Copy out and return the lines from the one holding "Bulk shipment keshkal to Goa University" to the end of the listing below, both included, omitting the pictures.

*** Opening Data extract ***

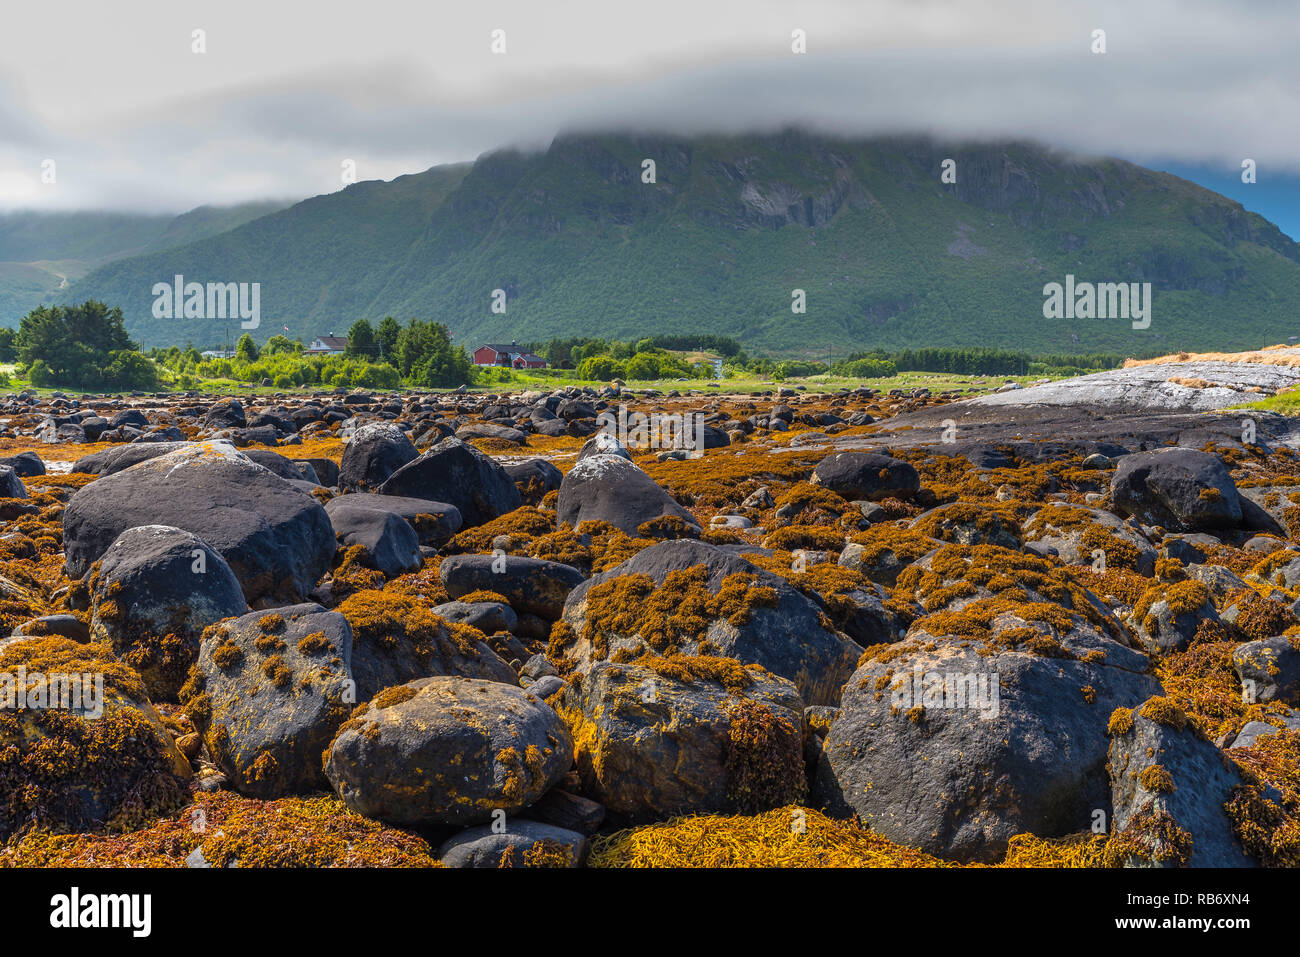 Vue de la côte avec des rochers couverts d'un enchevêtrement de végétation marine avec des montagnes en arrière-plan sous les nuages. La Norvège, autour de Vevang. Banque D'Images
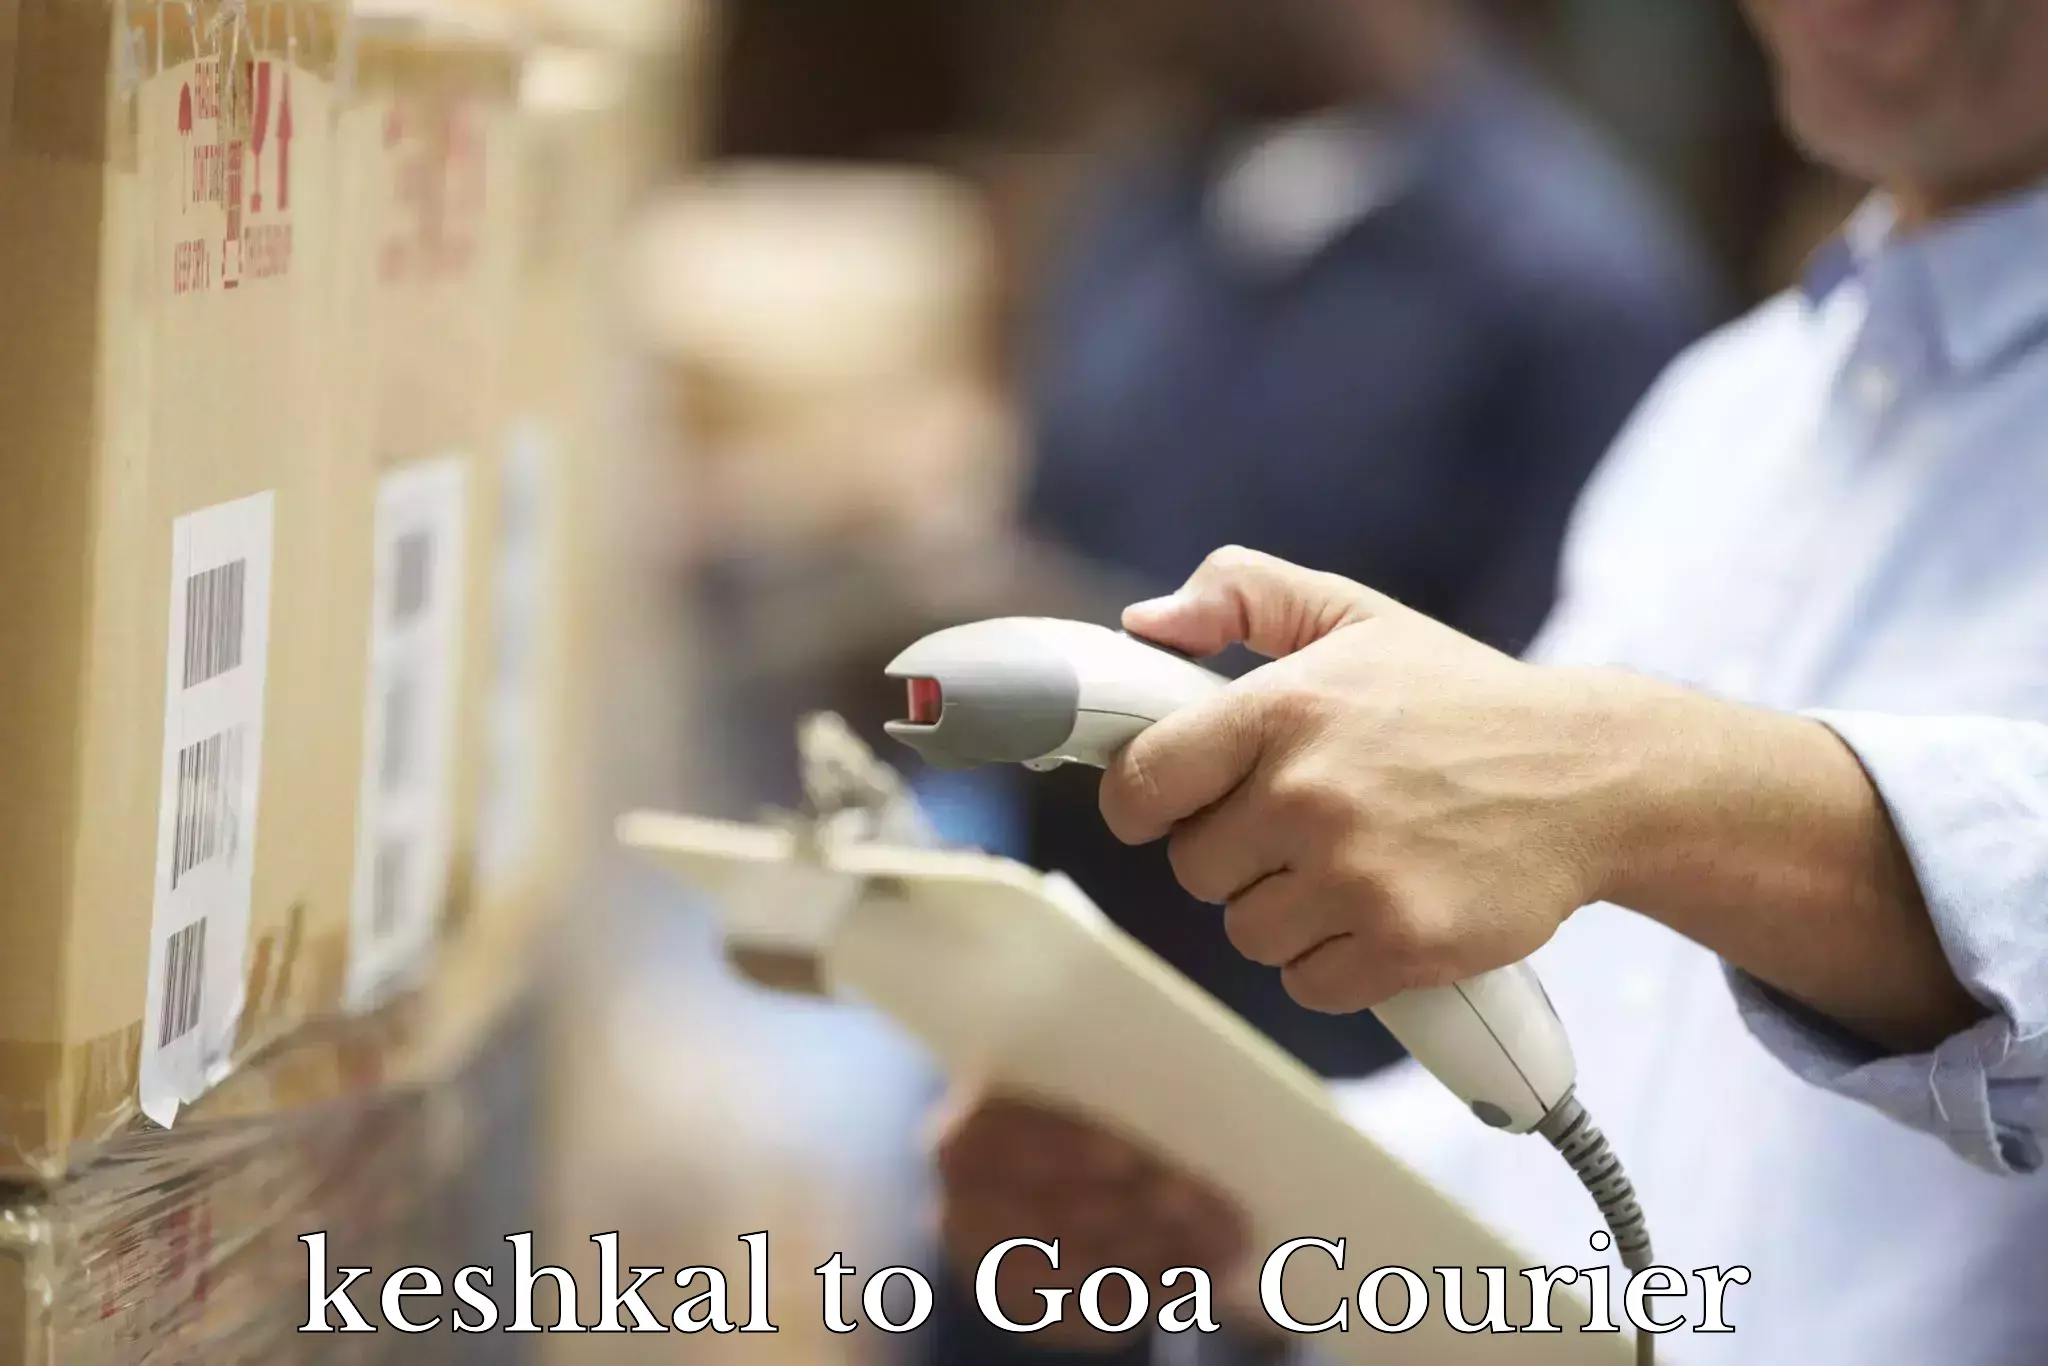 Bulk shipment keshkal to Goa University
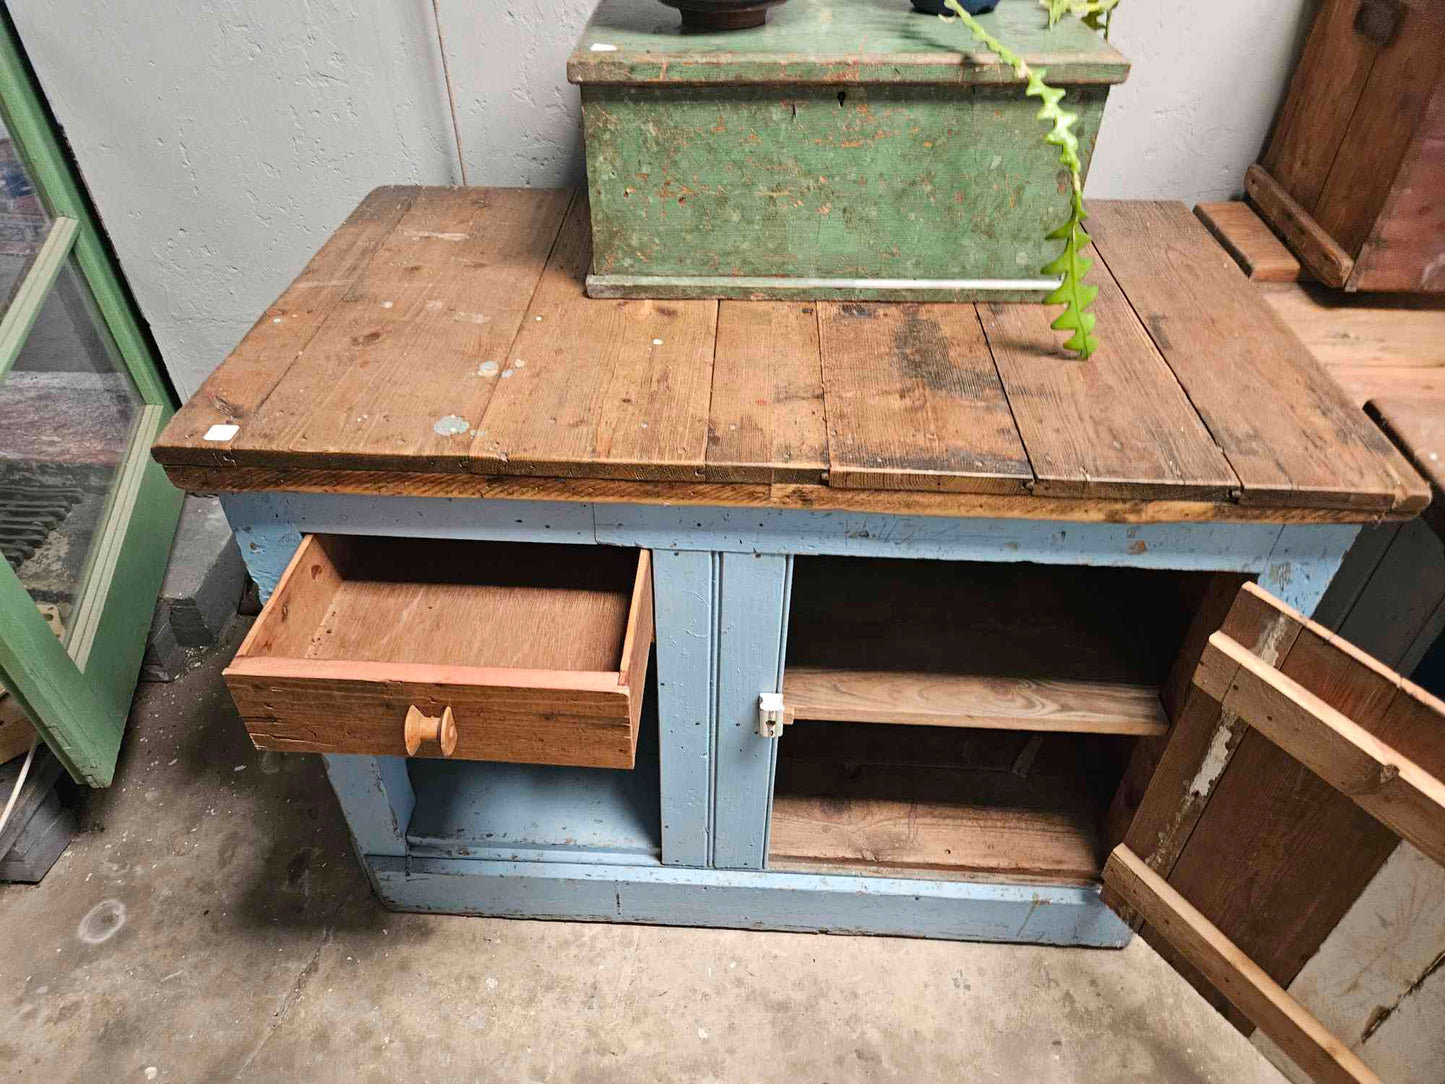 Rustic work bench / kitchen island

*** Closing Data extract ***

### Result
 Bulk shipment keshkal to Goa University
 Rustic work bench / kitchen island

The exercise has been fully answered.